■ **Aim of the exercise**
Locate the line that contains "画像デクリメントグラマー[MAKE UP FOR" in the data that follows. Copy it and every subsequent line to the end, exactly, excluding pictures.

===== Recorded data

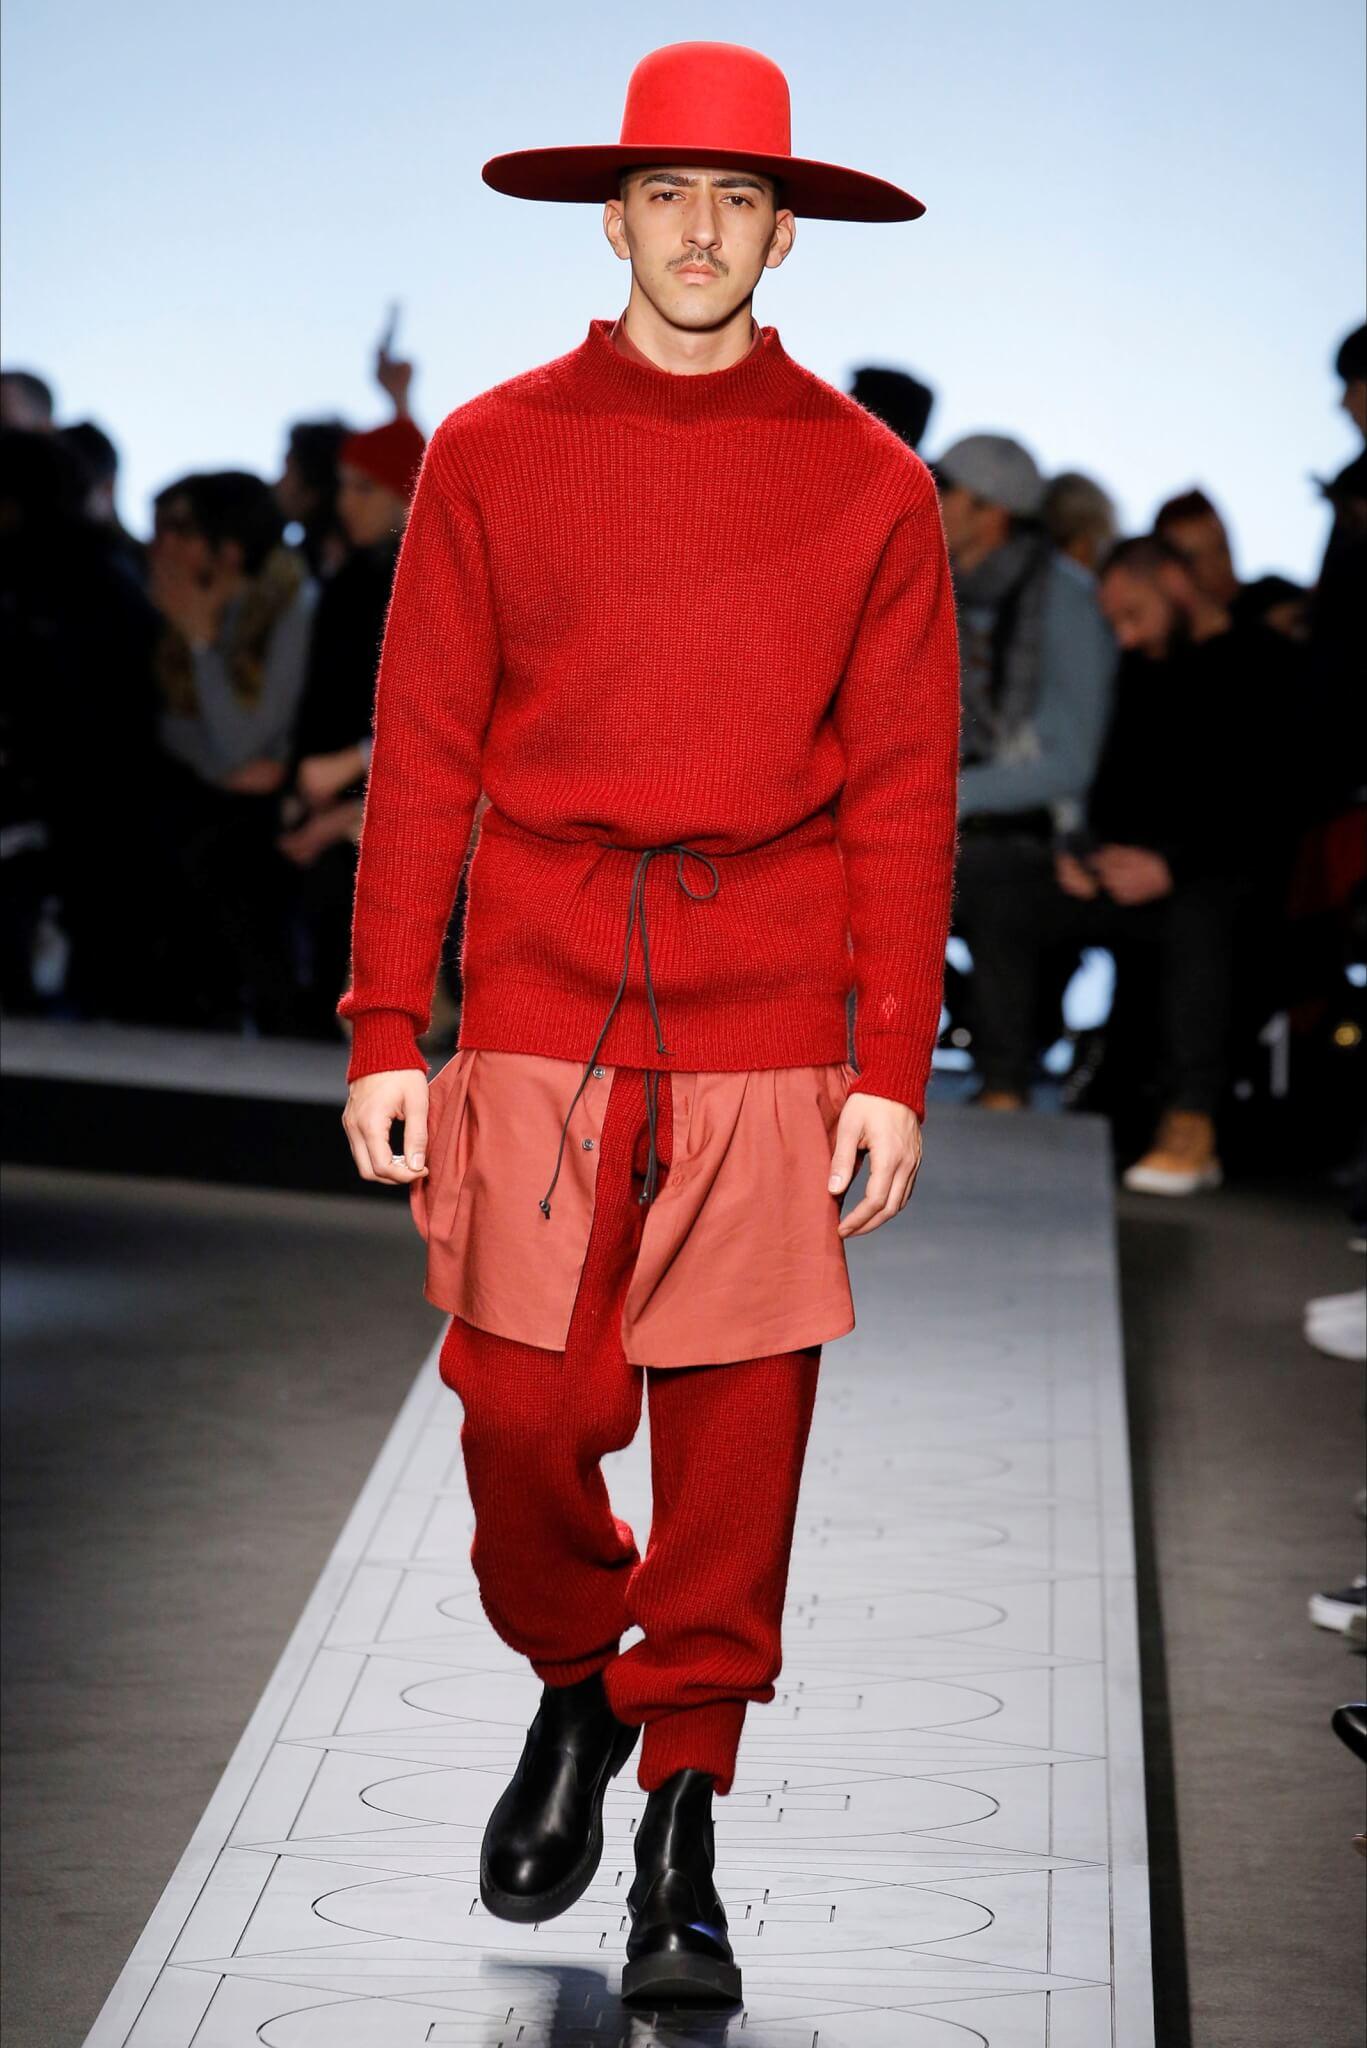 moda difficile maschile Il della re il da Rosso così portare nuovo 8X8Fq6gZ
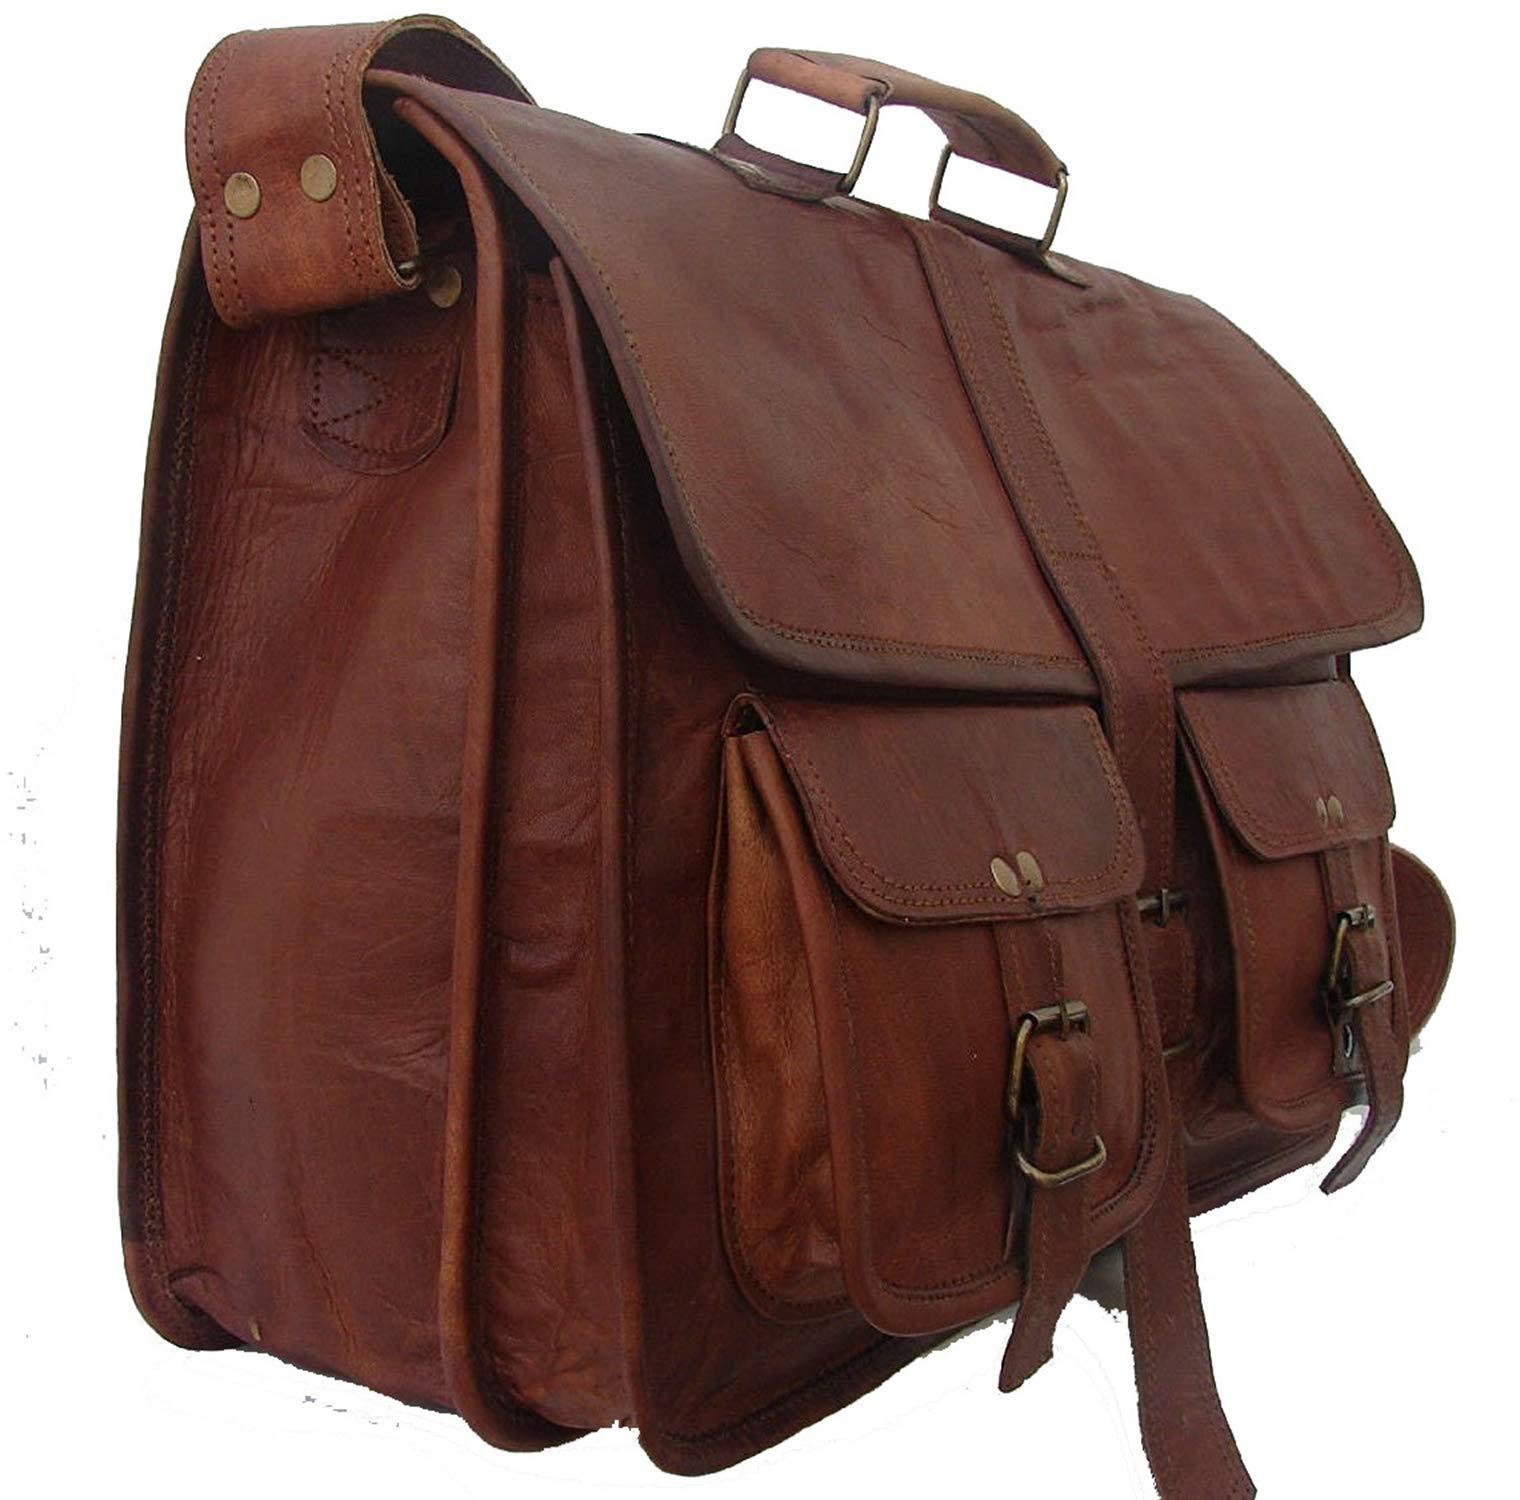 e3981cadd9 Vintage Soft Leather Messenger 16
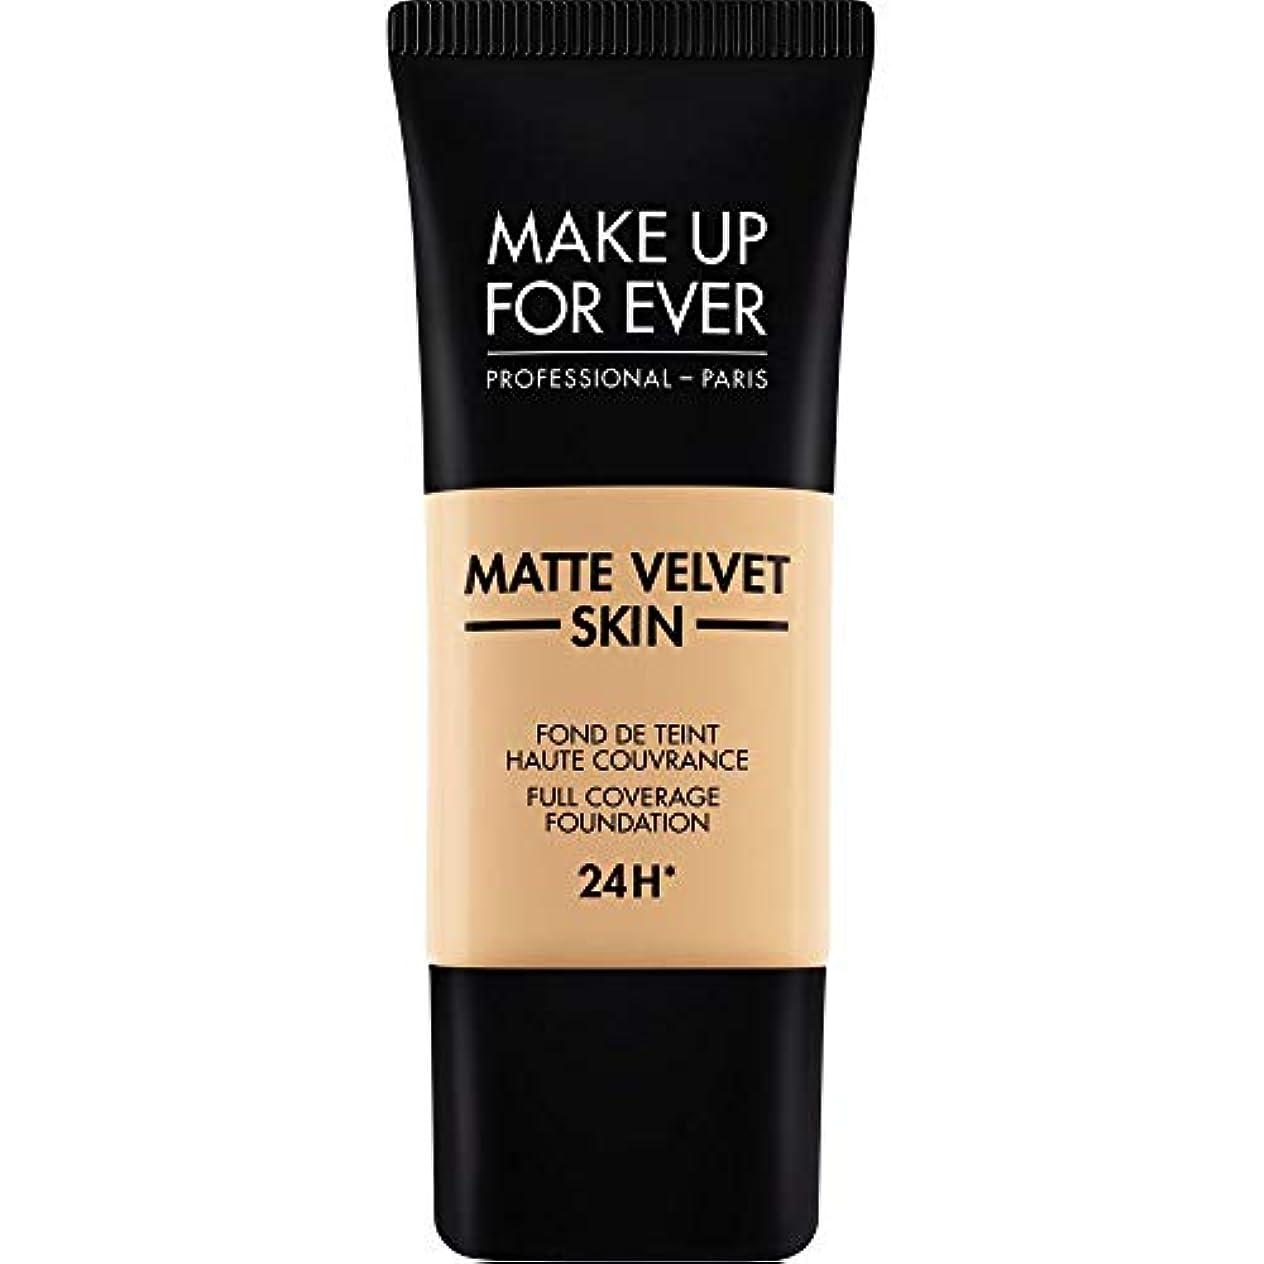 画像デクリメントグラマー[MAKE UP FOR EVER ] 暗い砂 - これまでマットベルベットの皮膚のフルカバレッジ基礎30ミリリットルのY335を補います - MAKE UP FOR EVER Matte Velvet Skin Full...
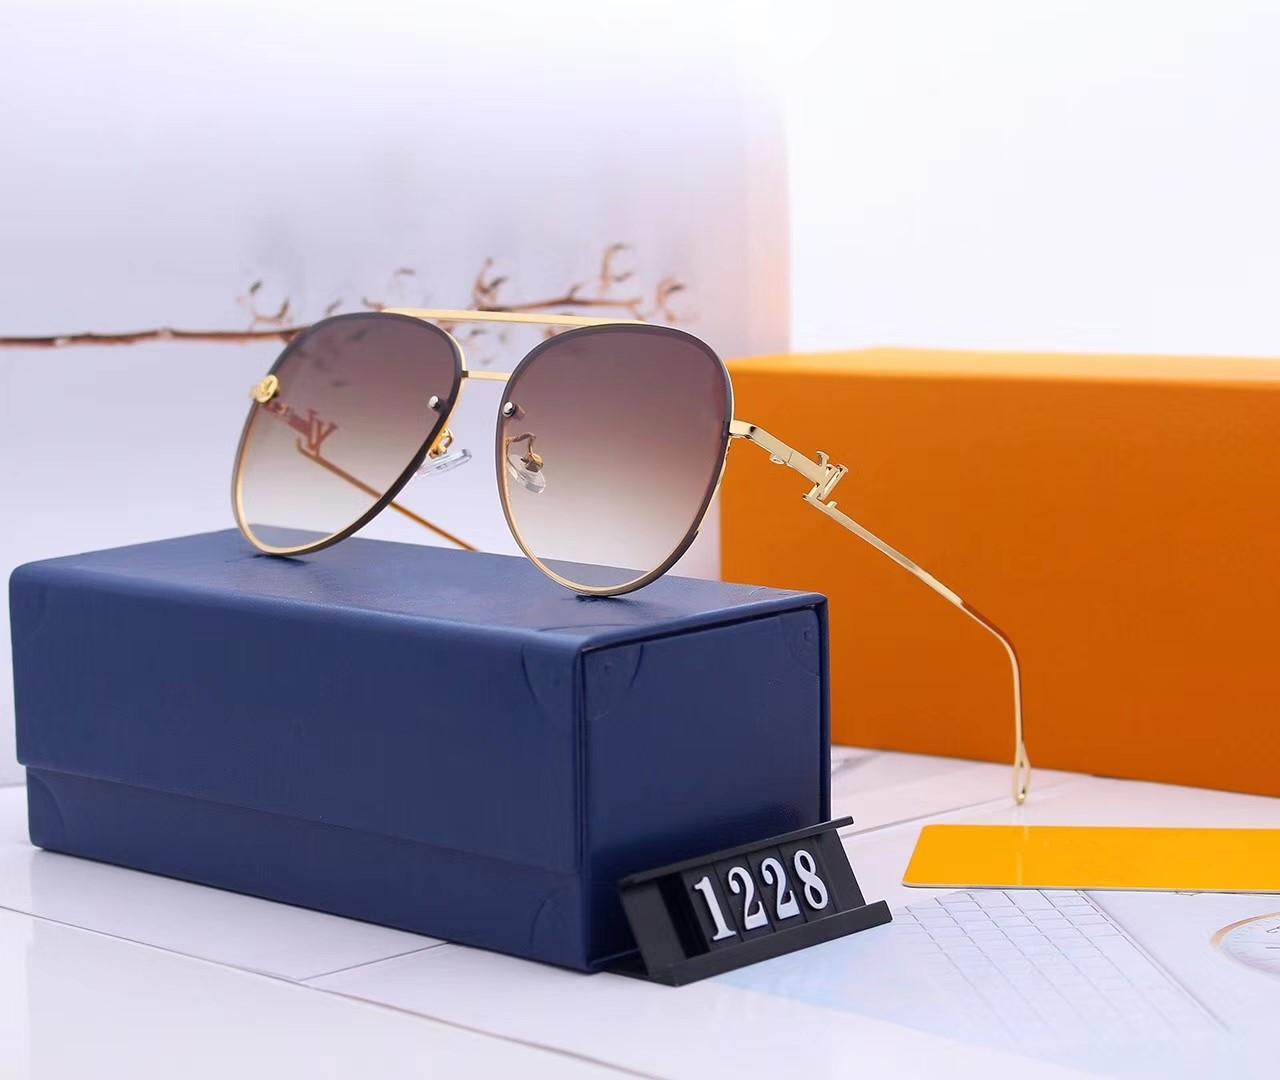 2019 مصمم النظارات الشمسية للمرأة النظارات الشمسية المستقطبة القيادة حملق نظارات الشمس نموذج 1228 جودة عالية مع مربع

==========

■ **Solution to the exercise**
 画像デクリメントグラマー[MAKE UP FOR EVER ] 暗い砂 - これまでマットベルベットの皮膚のフルカバレッジ基礎30ミリリットルのY335を補います - MAKE UP FOR EVER Matte Velvet Skin Full...
 2019 مصمم النظارات الشمسية للمرأة النظارات الشمسية المستقطبة القيادة حملق نظارات الشمس نموذج 1228 جودة عالية مع مربع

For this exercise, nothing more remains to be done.